Since such a brain-dead idea (most of us would rather make dramatic cutbacks than die) would be an improvement over letting 96% of us die, there must be some plan with the necessary qualification of reducing emissions by 90% which is better than this one, which is already less brutal than nature. Any improvement to the brain-dead idea automatically helps. For example, if the survivors could cut emissions by an average of 50%, without any other changes, you could eliminate just China, the U.S., and Russia, and save over 67% of humanity! And, of course, this is without doing anything like prioritizing by the populations with the worst problems; I’m sure you could do better using some in-depth thought. And we’re still assuming that people have to be killed! So, yes, a less brutal solution is possible.

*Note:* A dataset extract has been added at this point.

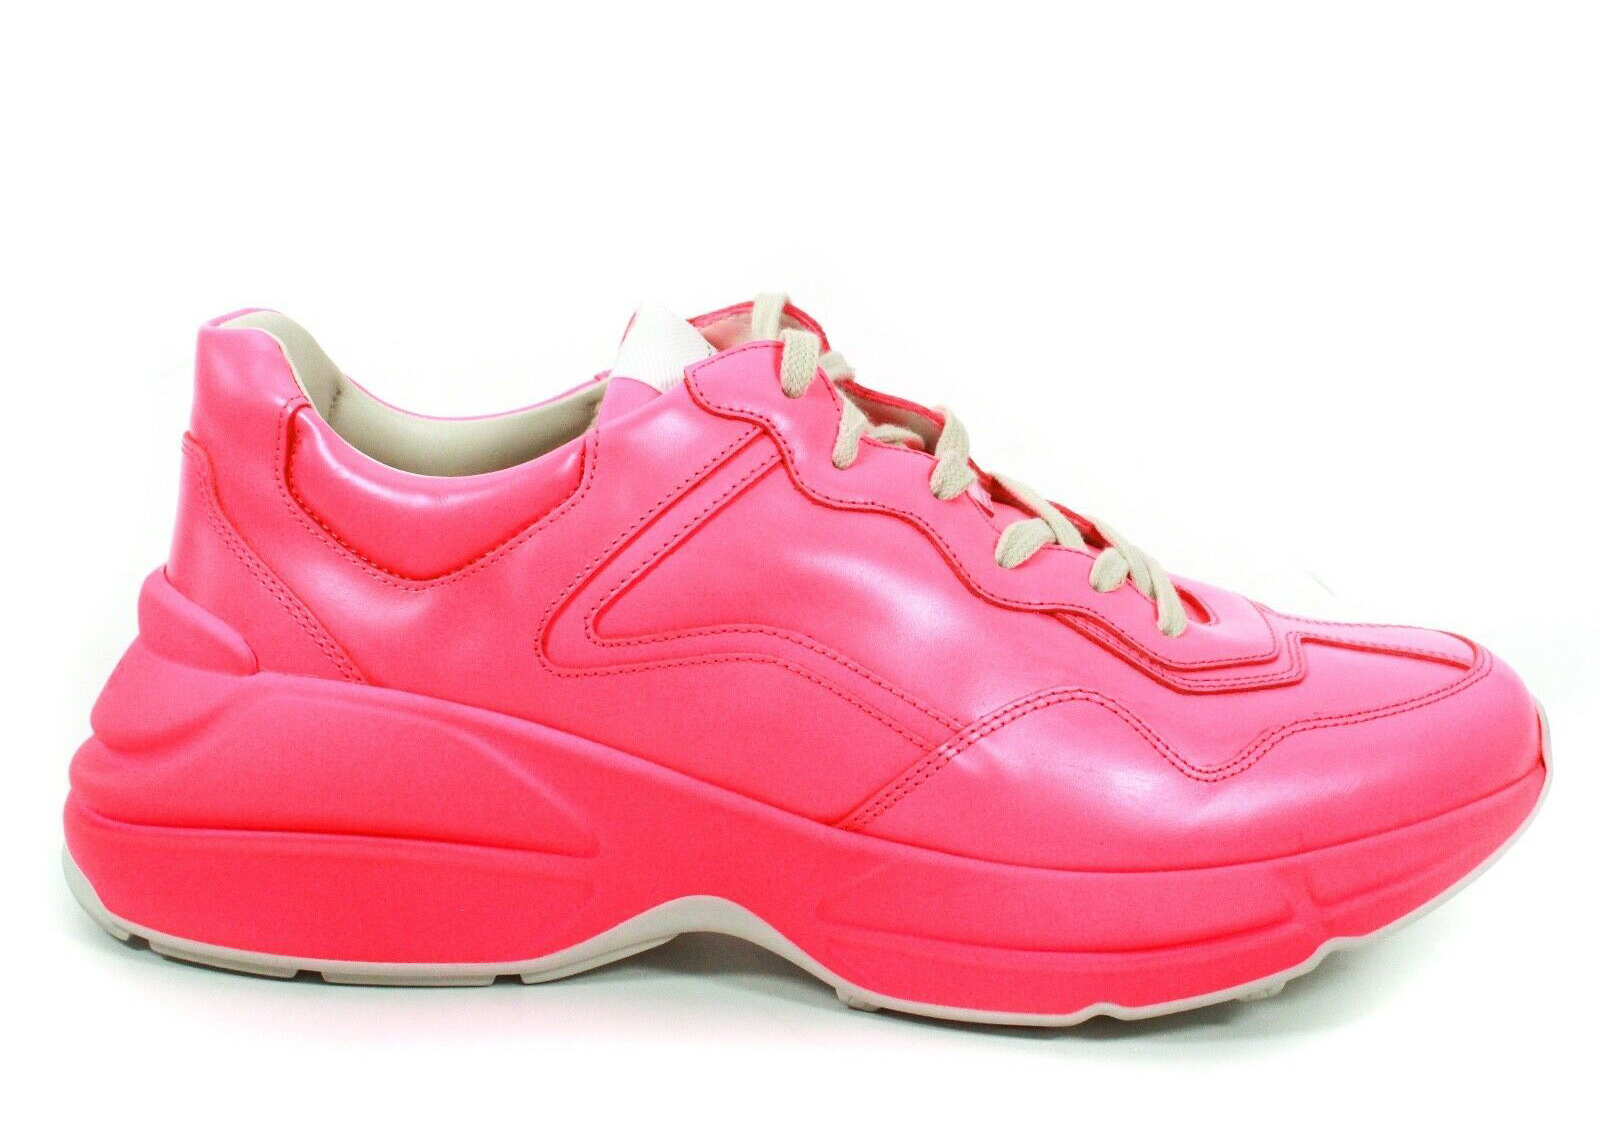 Gucci Rhyton Neon Pink - Sneakers

Stopping population growth is also important for long-term feasability, I agree. But Lovelock’s point is that a cut in emissions is needed now, not a decade from now when cutting growth would make a difference. Also: although tax anti-incentives are a good basic idea, there’s a basic problem: if taxes make it too costly to have children, then only the rich will have children. That isn’t a good thing. How about “incredibly massive disincentives for having multiple children”? (Of course, you would have to make paternity testing much more widespread, or else you’d end up with single mothers getting hit with the tab for the children, like they need more problems!)

@dr2chase, #65:

I agree that the name is stupid. And about the potheads. That’s why I generally don’t talk about the Gaia Hypothesis, but about Global Warming, which has the added advantage of being instantly understandable. Trying to explain the problem by starting with homeostasis and albedo and ocean salinity makes things needlessly complicated. But if you want the background material on why global warming is considered to be a problem, you have to start considering that sort of thing.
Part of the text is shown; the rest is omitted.